BUCK: Yeah. Clay, it’s amazing to be the reasonable voice in the room when you’re the guy who says, “We’ve already spent $6 trillion. Let’s maybe do $1.5 trillion in addition to the $6 trillion, not $3.5 trillion more.” Look at how many global economies even have a GDP of $3 trillion. You start to look at these numbers to put it all in perspective. And I worry, Clay… I give credit to this to Naval Ravikant, who is a Silicon Valley guy who just a really interesting thinker. We should have him on the show at some point.

CLAY: I’m sold already.

BUCK: He’s a really interesting guy. I think he was the founder of AngelList. But he’s a contrarian but a precise thinker. And he tweeted something out about how, yeah, the thing about inflation is that before it gets really painful and ugly, the stock market goes up, employment often starts to really go up, assets go up in value that you own. But then the foundation beneath all this starts to crumble, and then you have people realizing, “Oh, my dollars are worth less, my dollars are worth less,” and things get a whole lot less fun on the economic front.

CLAY: Yeah, and that’s the thing that frustrates me the most as a guy who built and sold a small business and still is hiring a lot of people.
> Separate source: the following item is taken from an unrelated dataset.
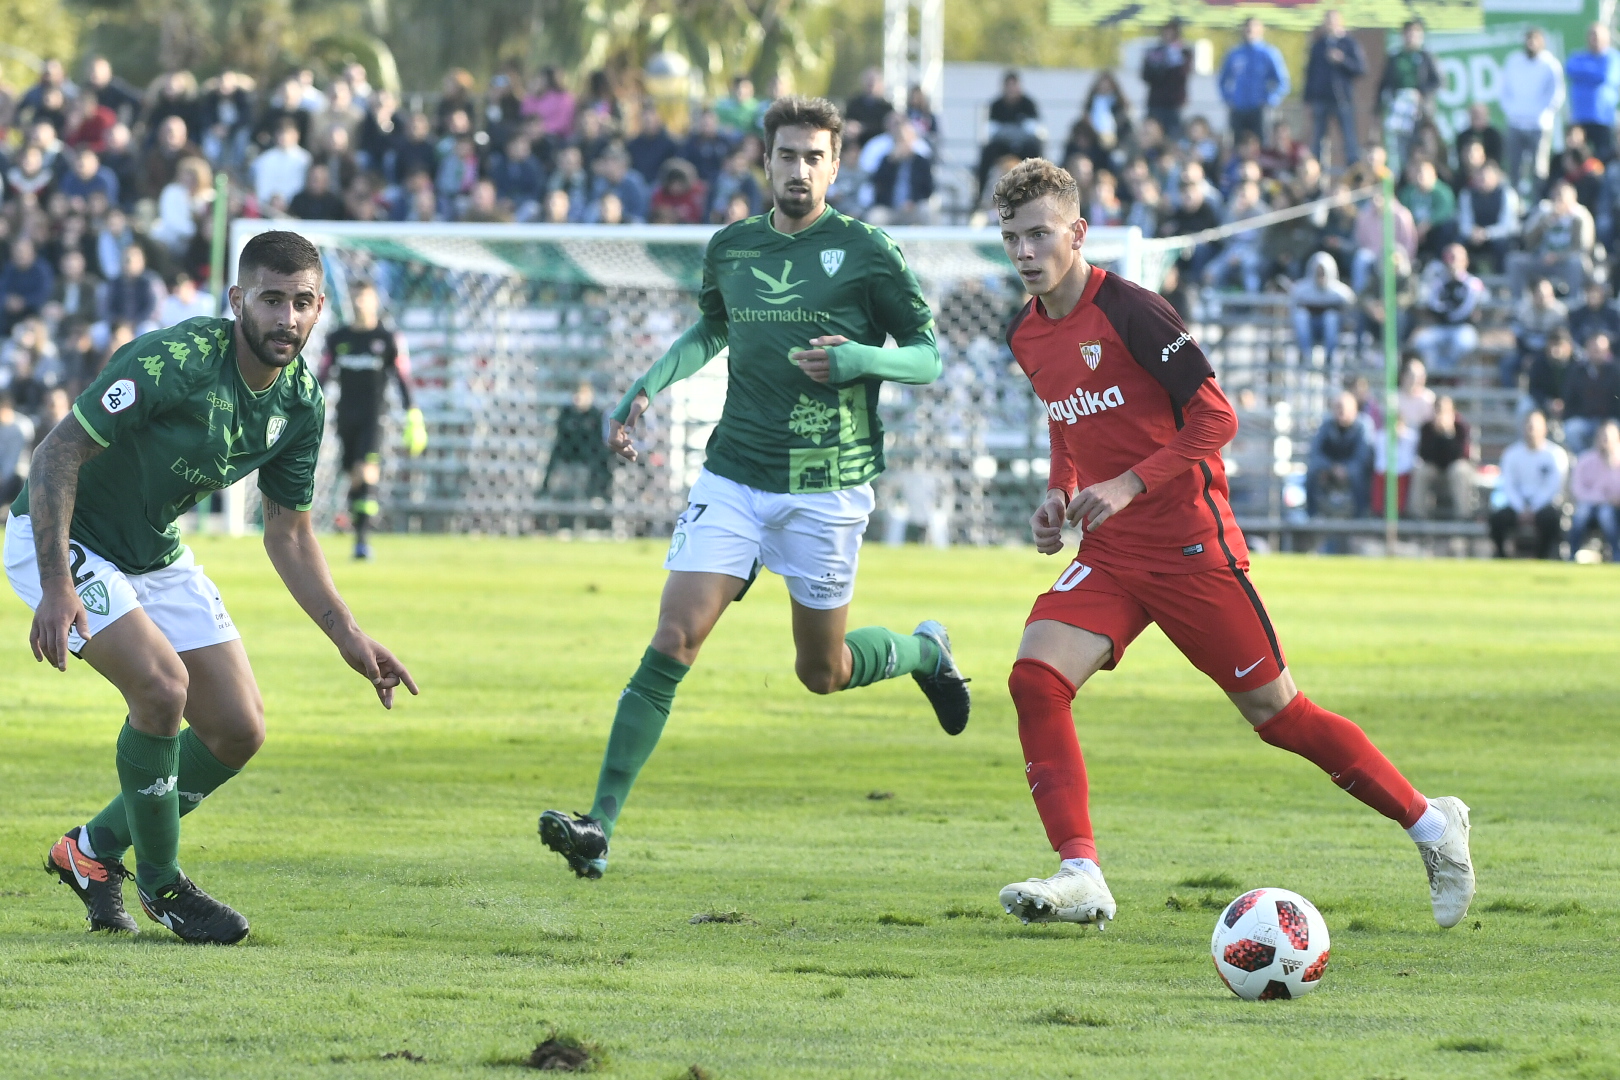 Javi Vázquez making his debut for Sevilla FC

There is a fantastical disassociation in the Democratic Party — Modern Monetary Theory is what it’s called — between economic reality and business practices that have worked for hundreds of years in capitalistic economies. It’s like we’re pretending, Buck, those truths and those verities and those realities don’t exist anymore, and it’s leading us to absolute chaos, I really am afraid.